-- Information given follows --

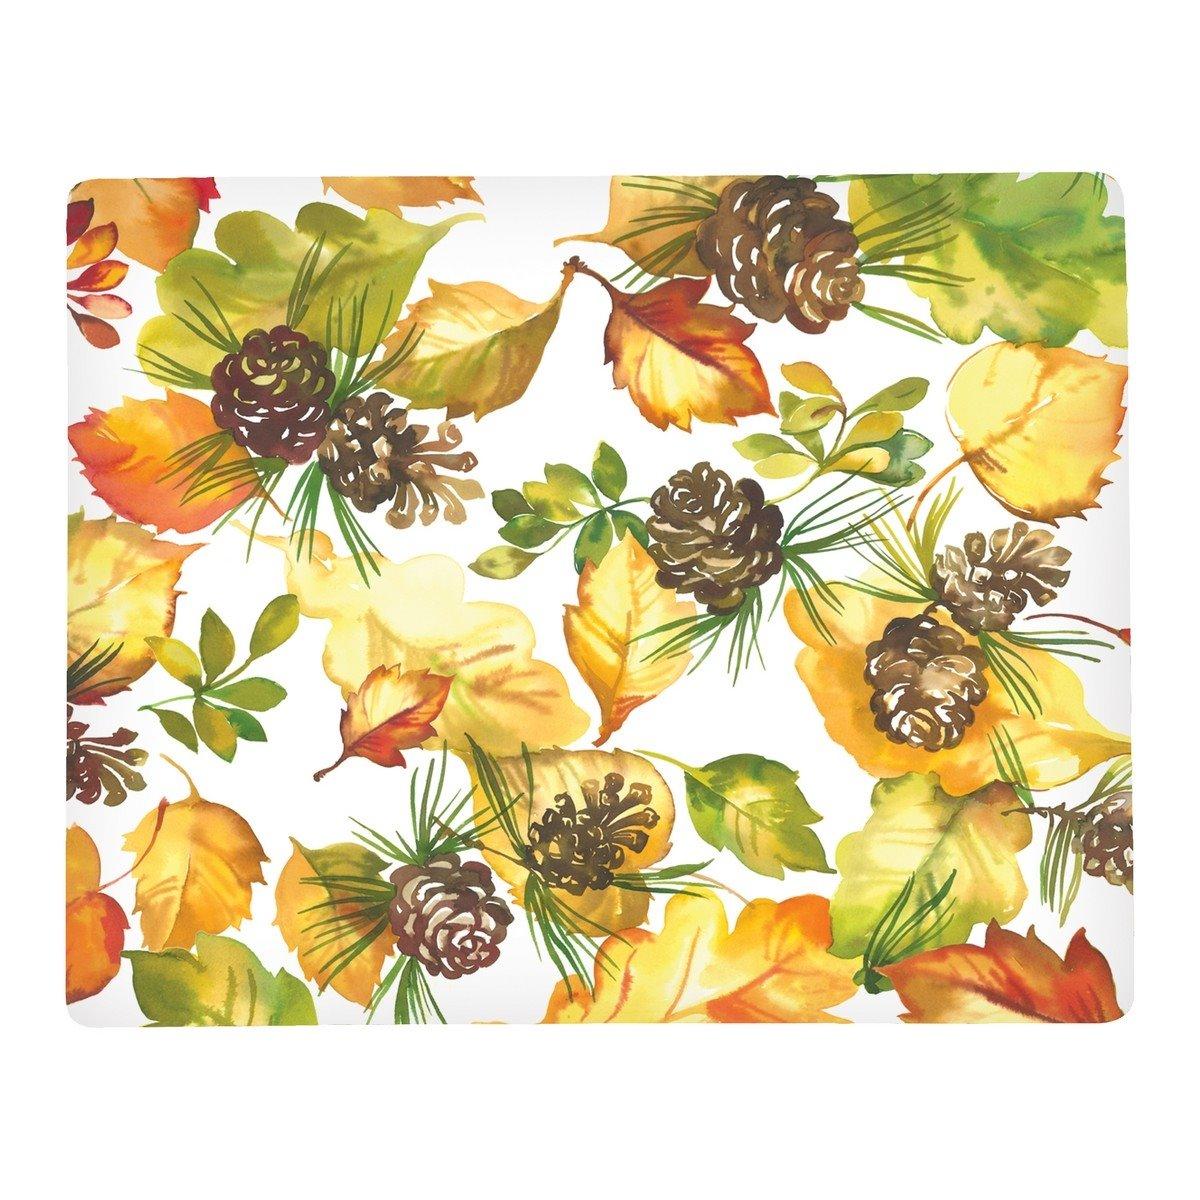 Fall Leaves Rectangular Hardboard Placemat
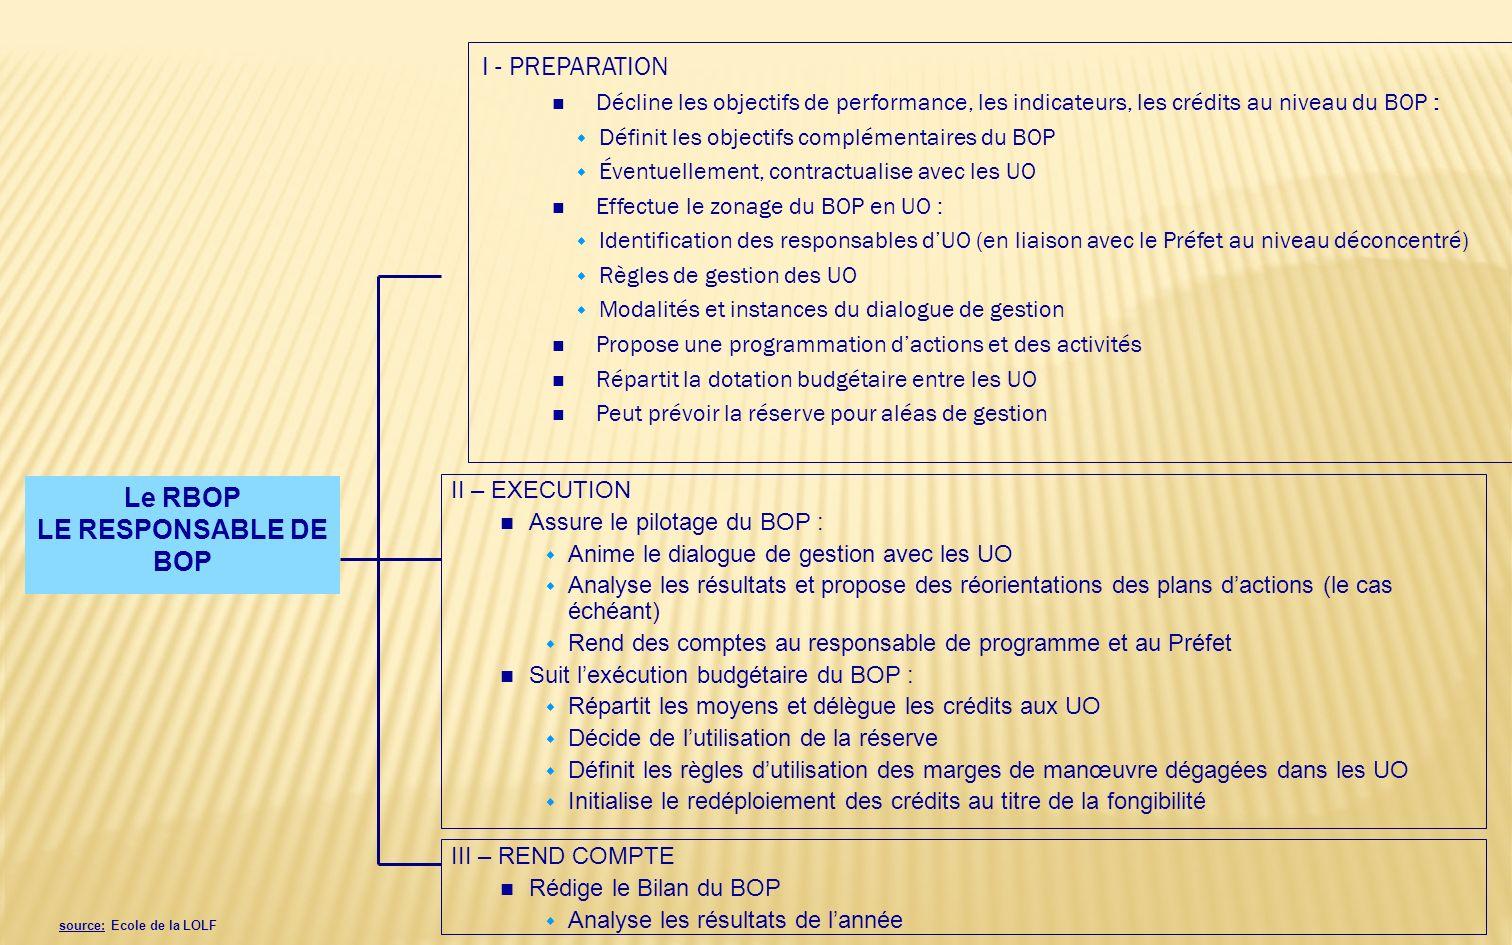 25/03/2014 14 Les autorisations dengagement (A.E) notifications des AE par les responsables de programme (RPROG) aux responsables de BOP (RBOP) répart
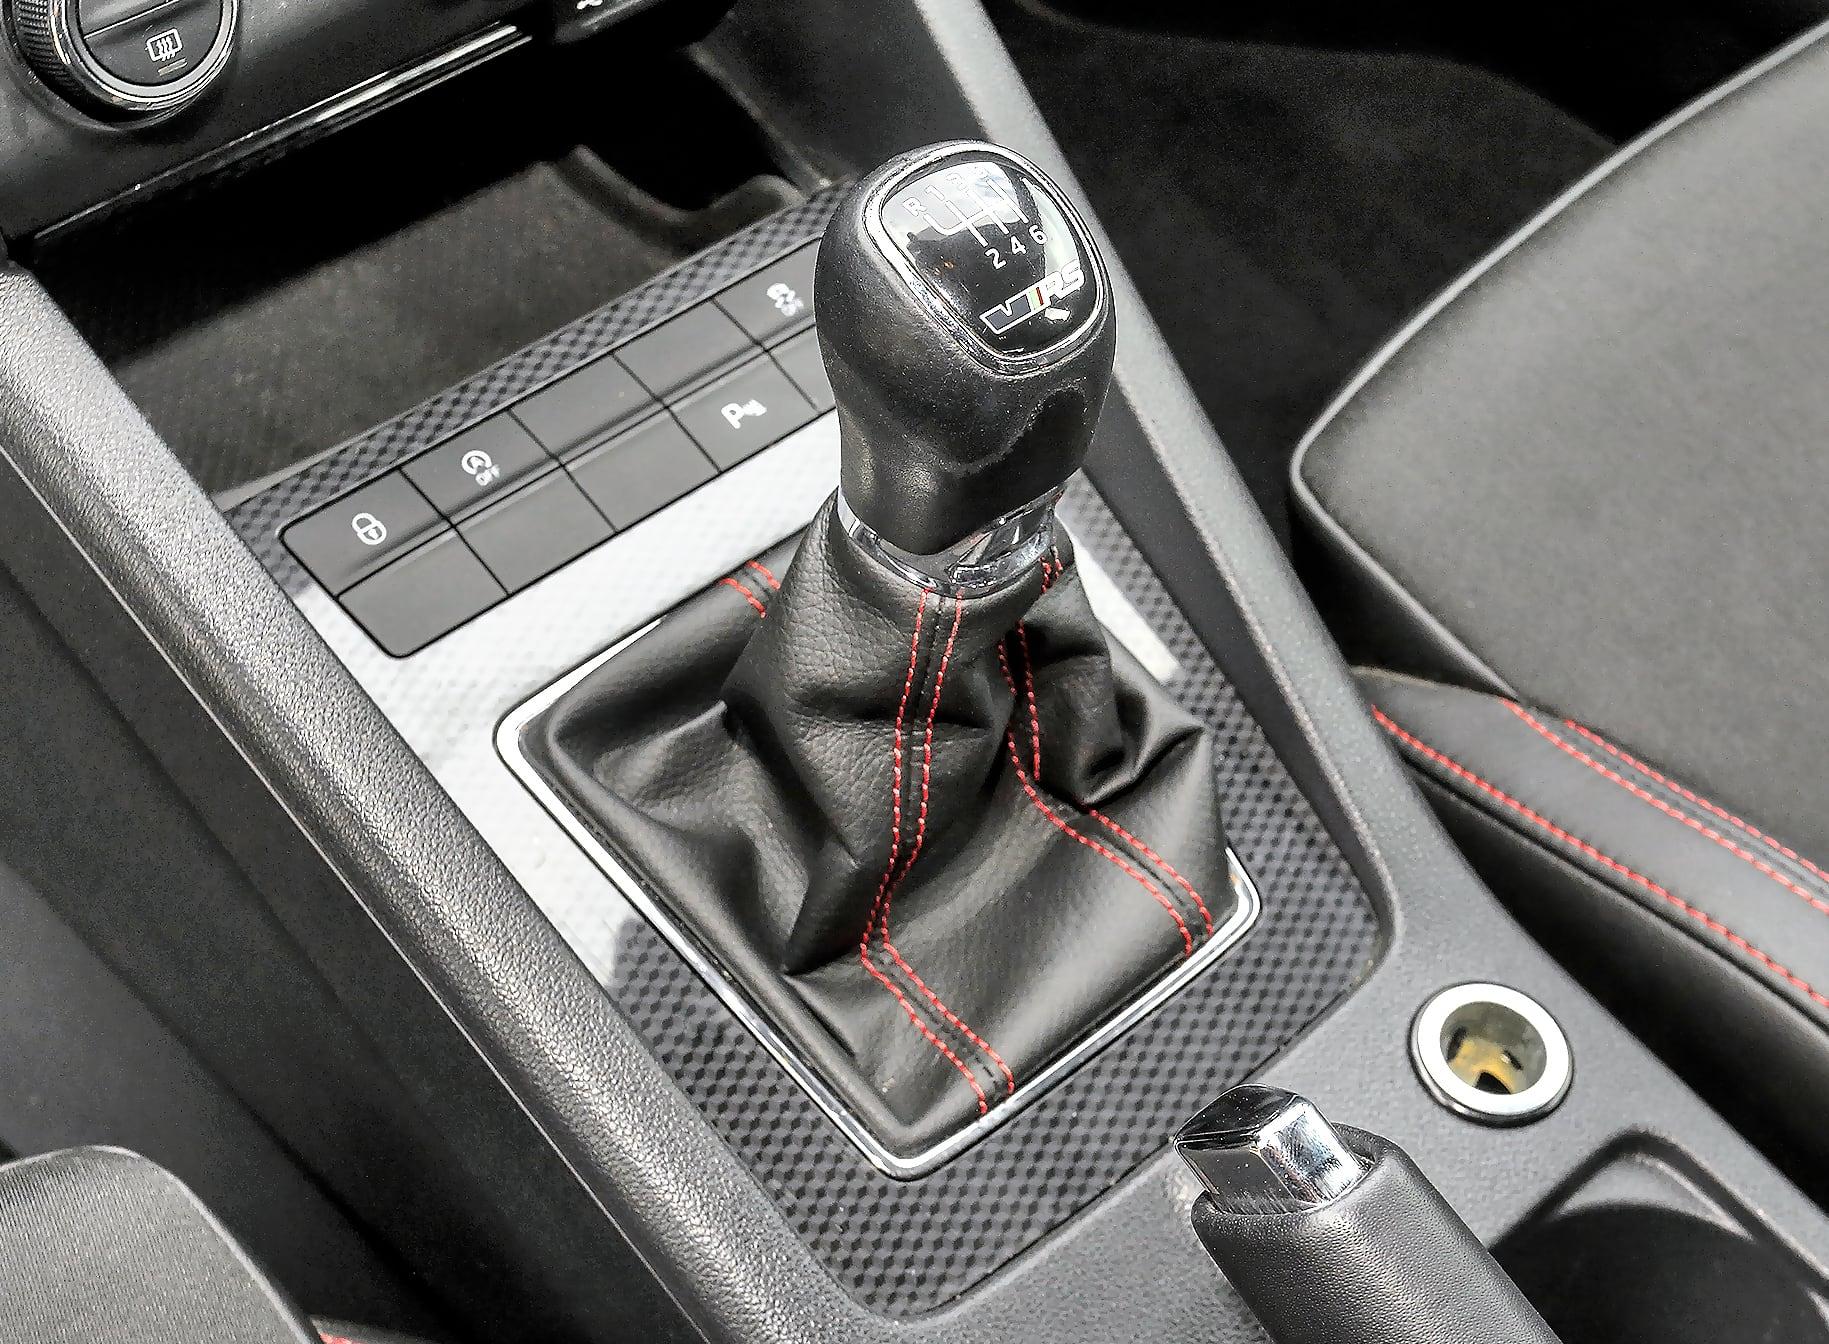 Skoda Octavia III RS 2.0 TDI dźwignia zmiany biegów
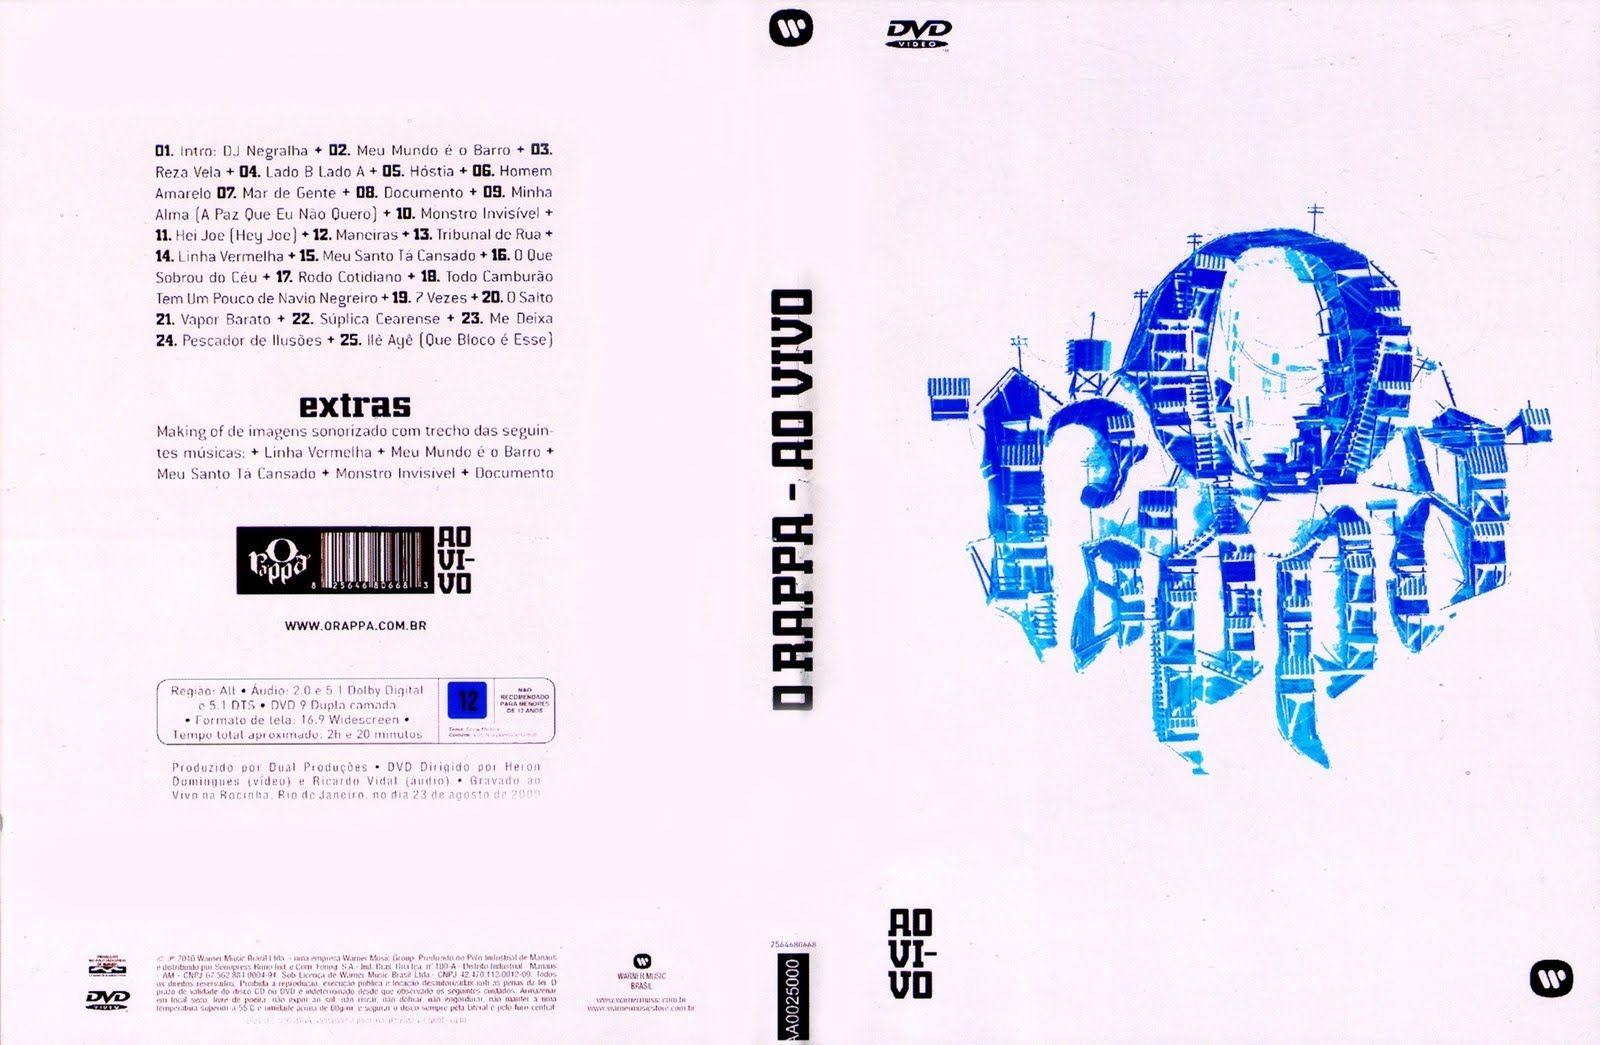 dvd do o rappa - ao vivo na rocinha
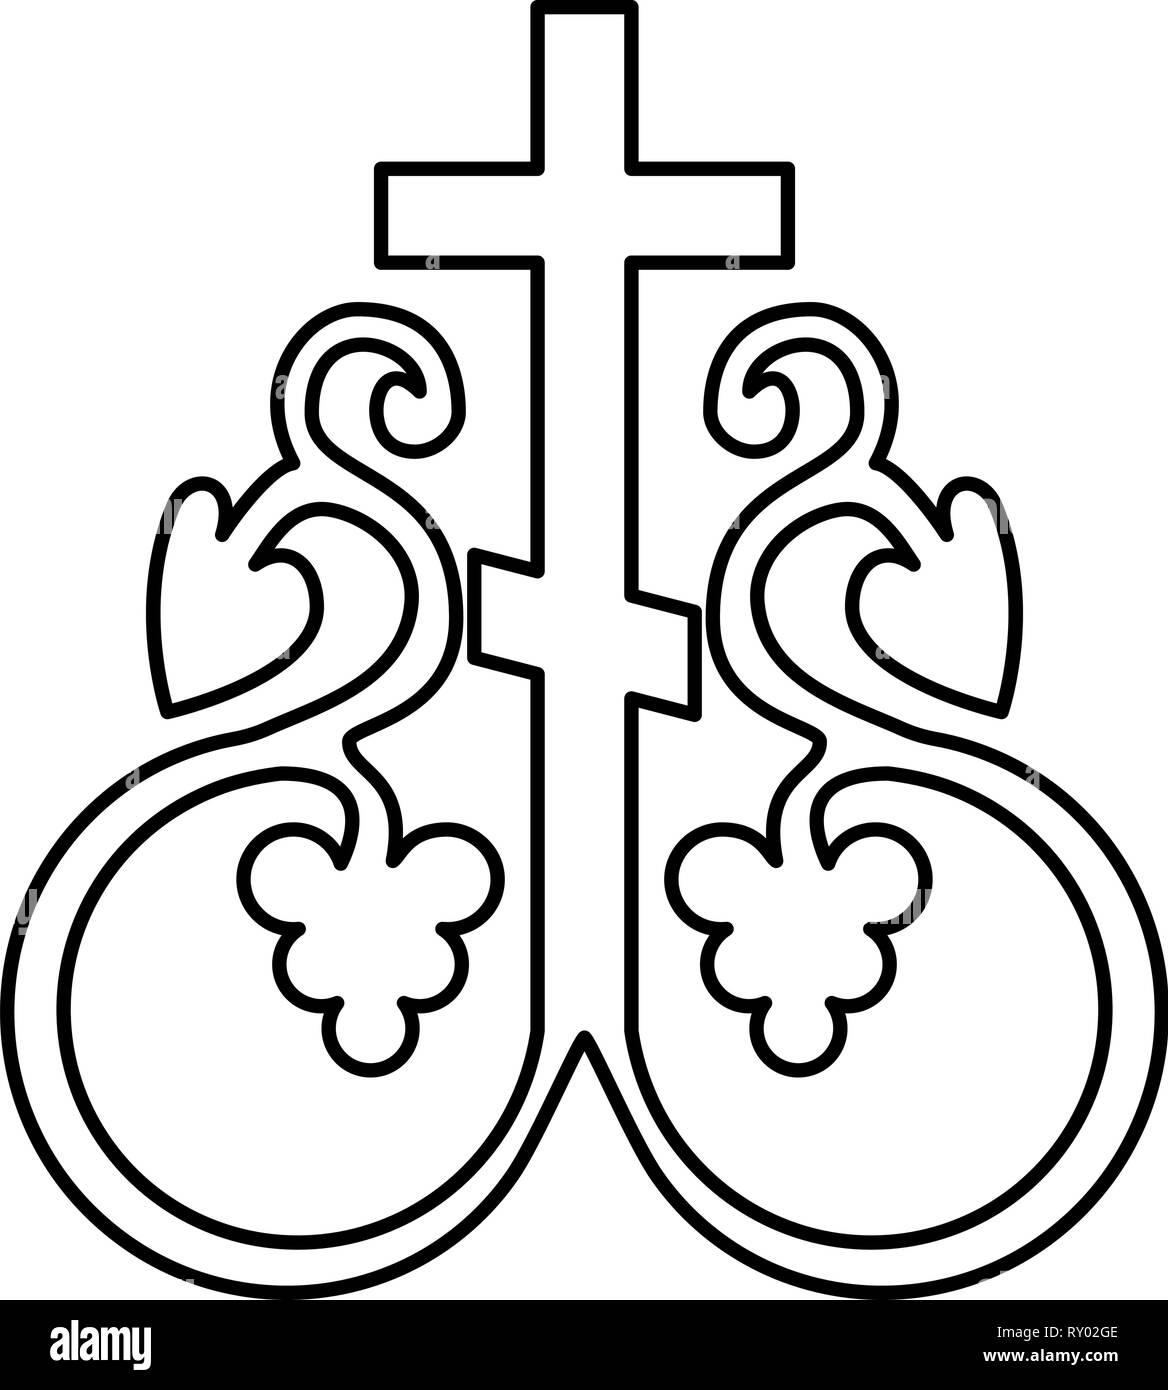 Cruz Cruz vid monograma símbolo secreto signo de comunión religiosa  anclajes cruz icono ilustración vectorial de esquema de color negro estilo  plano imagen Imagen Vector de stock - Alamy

-- Information given concluded --

__Activity__.
From the line holding "25/03/2014 14 Les" to the final line of the data above, give each line again exactly, both ends included, and drop the pictures.

__Solution__.
 25/03/2014 14 Les autorisations dengagement (A.E) notifications des AE par les responsables de programme (RPROG) aux responsables de BOP (RBOP) répart
 Skoda Octavia III RS 2.0 TDI dźwignia zmiany biegów
 dvd do o rappa - ao vivo na rocinha
 Cruz Cruz vid monograma símbolo secreto signo de comunión religiosa  anclajes cruz icono ilustración vectorial de esquema de color negro estilo  plano imagen Imagen Vector de stock - Alamy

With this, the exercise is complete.